● Data for analysis
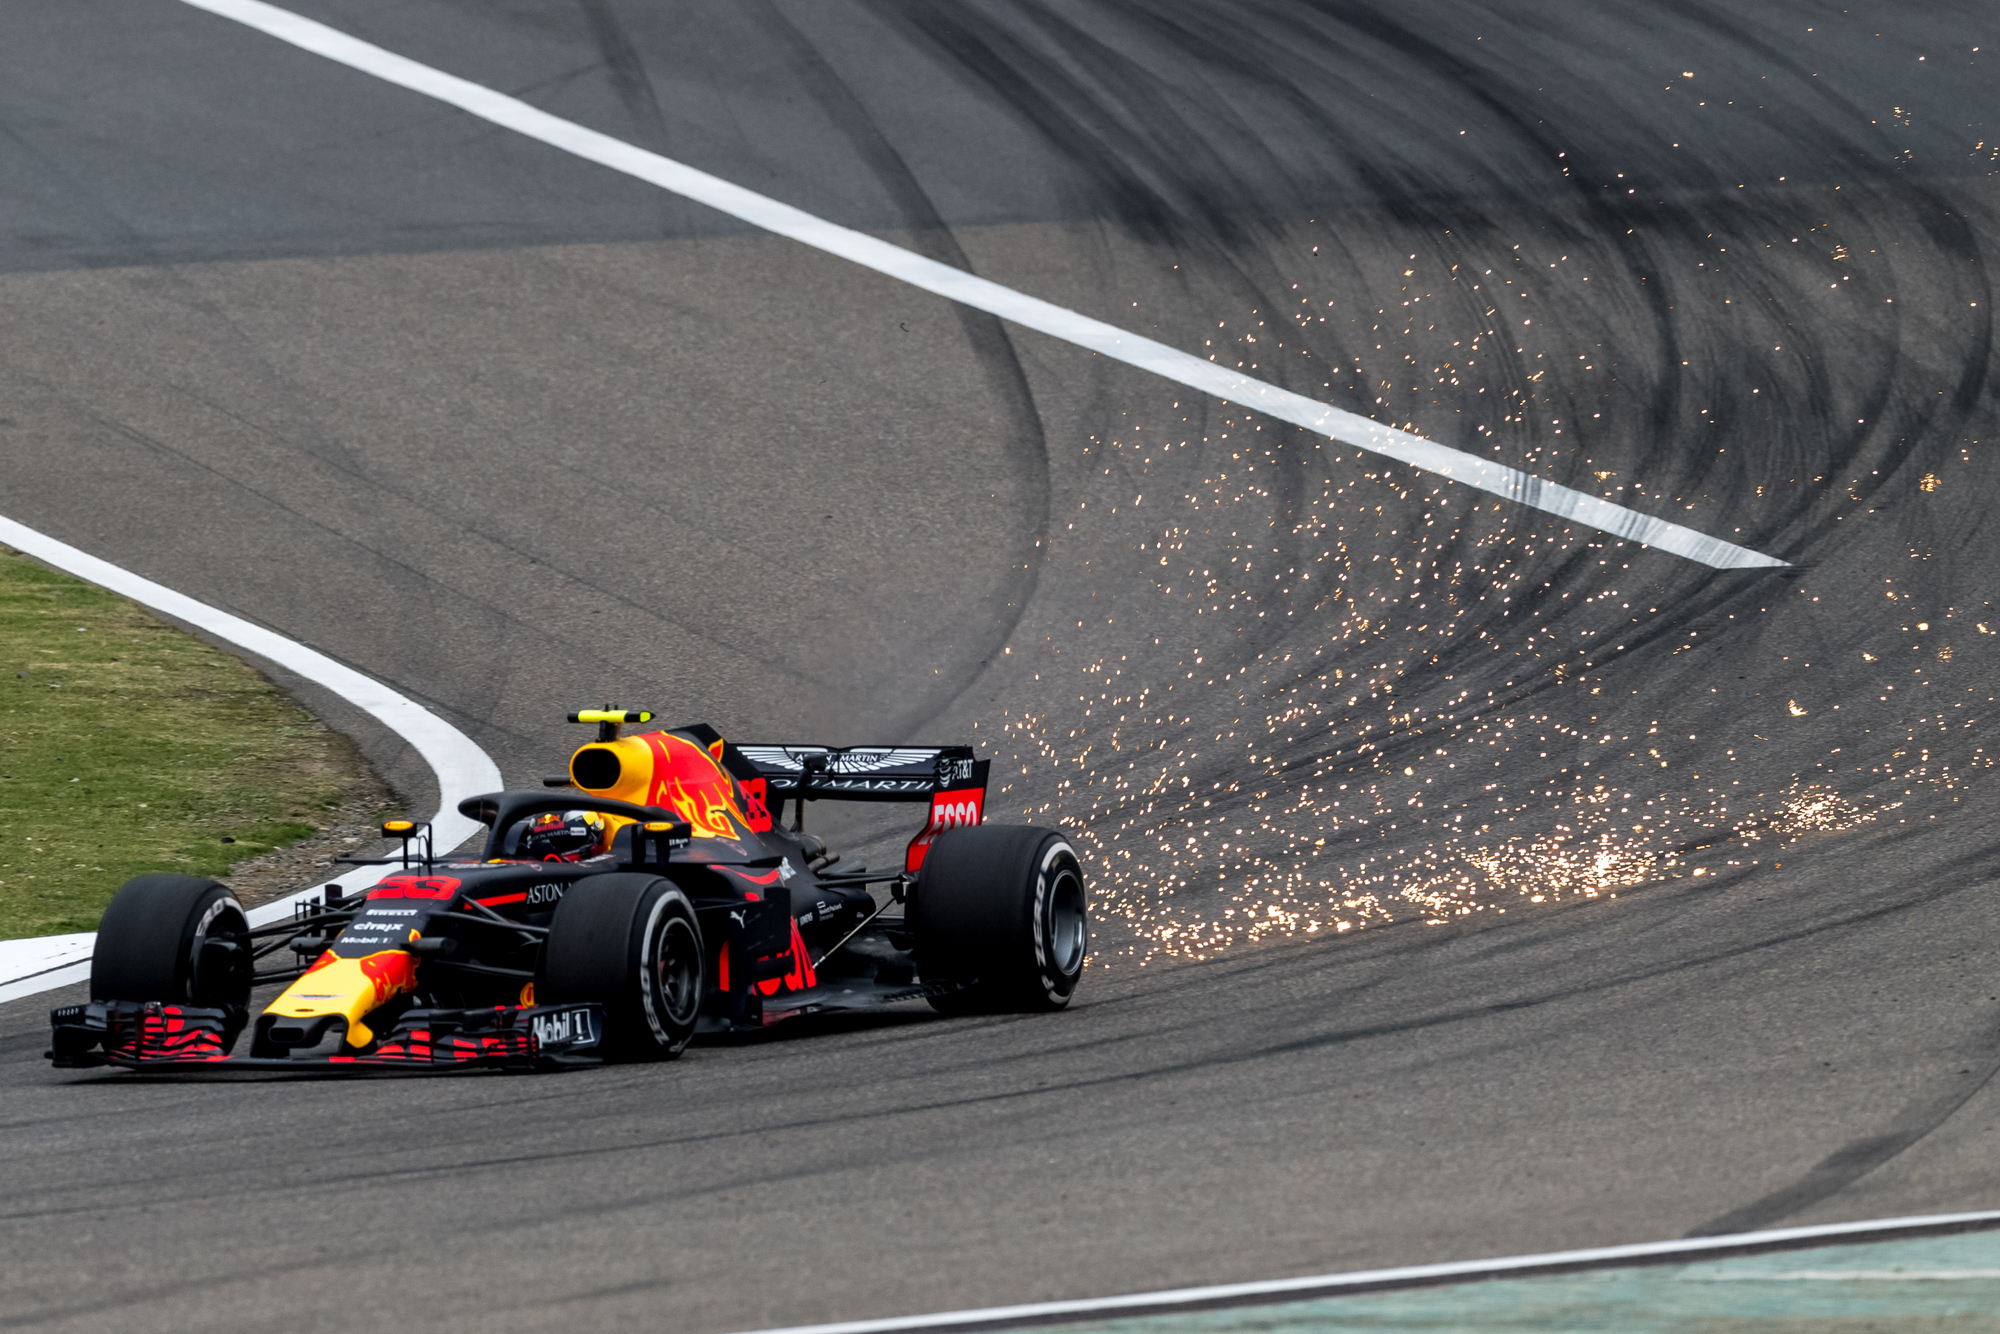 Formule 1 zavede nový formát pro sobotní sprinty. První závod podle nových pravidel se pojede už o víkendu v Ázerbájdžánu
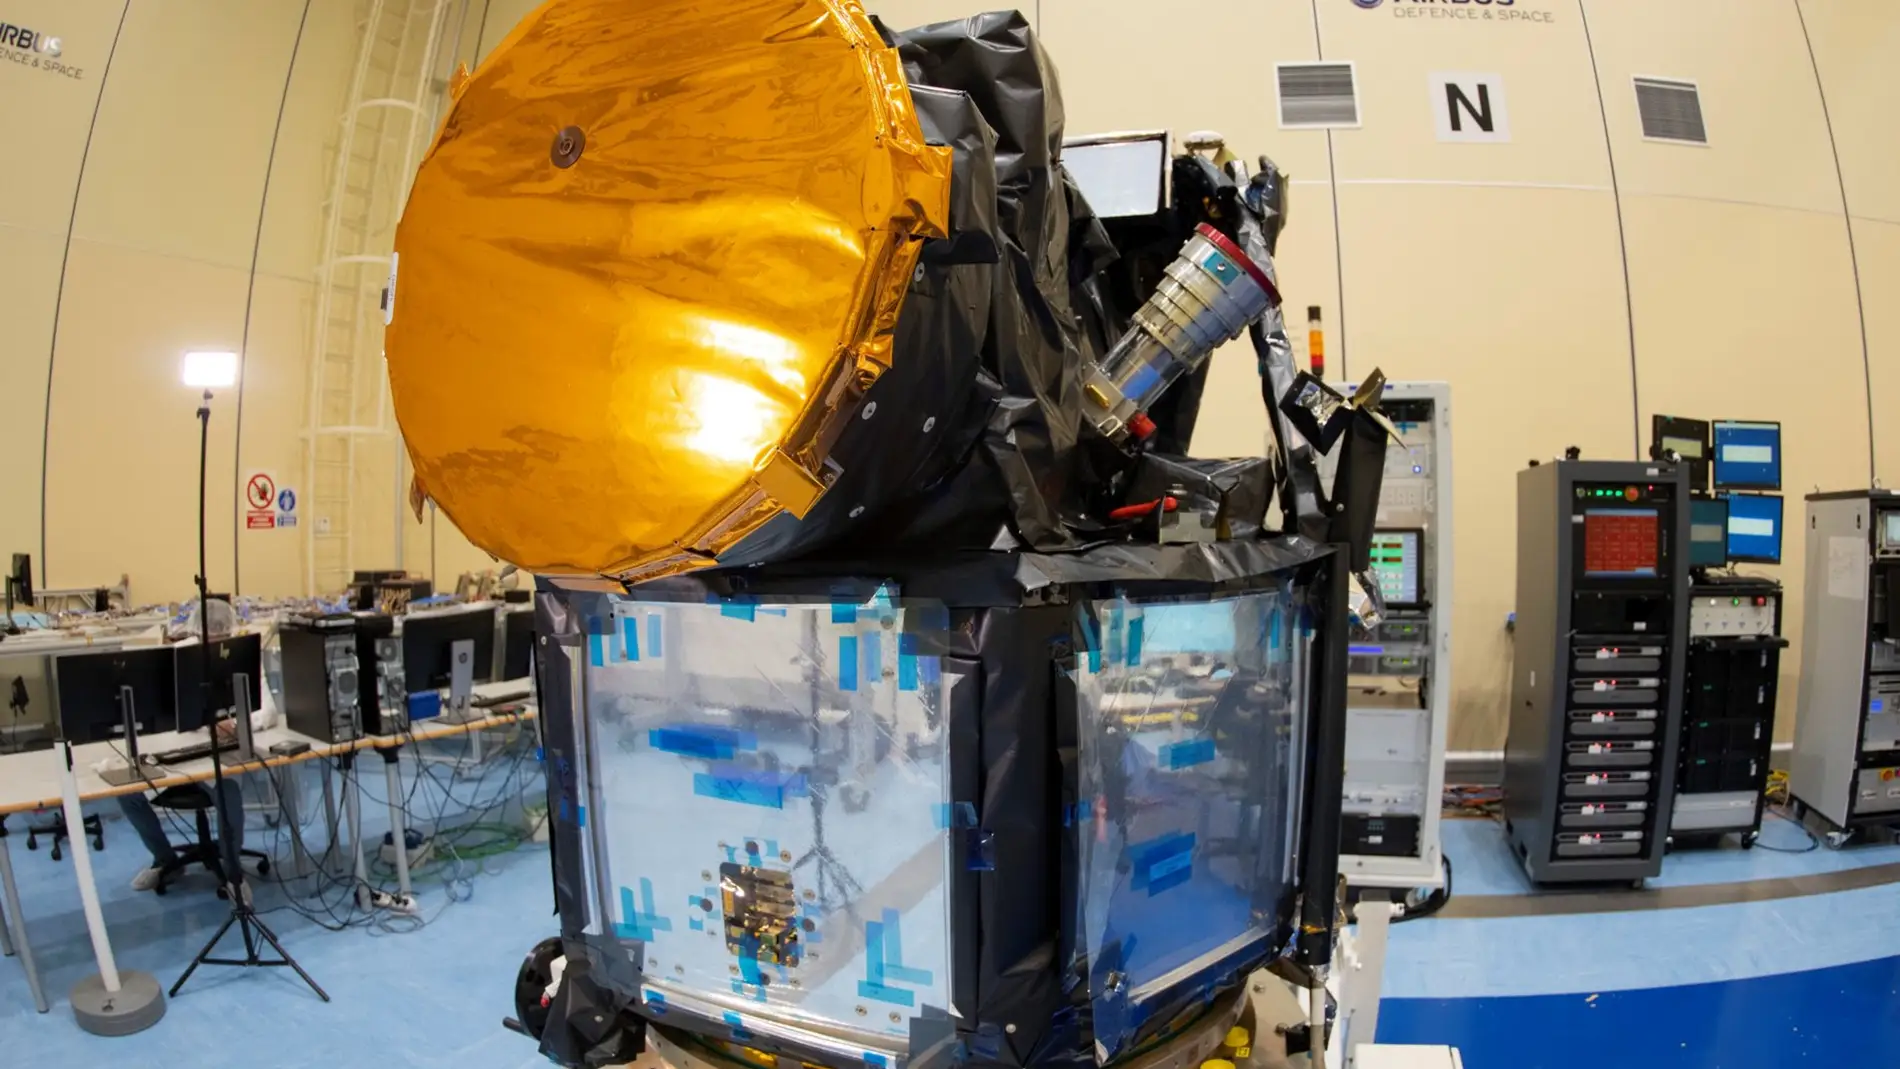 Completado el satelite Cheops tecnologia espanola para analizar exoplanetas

...

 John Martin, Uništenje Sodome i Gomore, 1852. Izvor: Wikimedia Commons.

● What is needed
The response must repeat exactly the lines above from the one with "Formule 1 zavede" through the one with "Completado el satelite", including both, and must contain no pictures and no other text.

● Written reply
 Formule 1 zavede nový formát pro sobotní sprinty. První závod podle nových pravidel se pojede už o víkendu v Ázerbájdžánu
 Completado el satelite Cheops tecnologia espanola para analizar exoplanetas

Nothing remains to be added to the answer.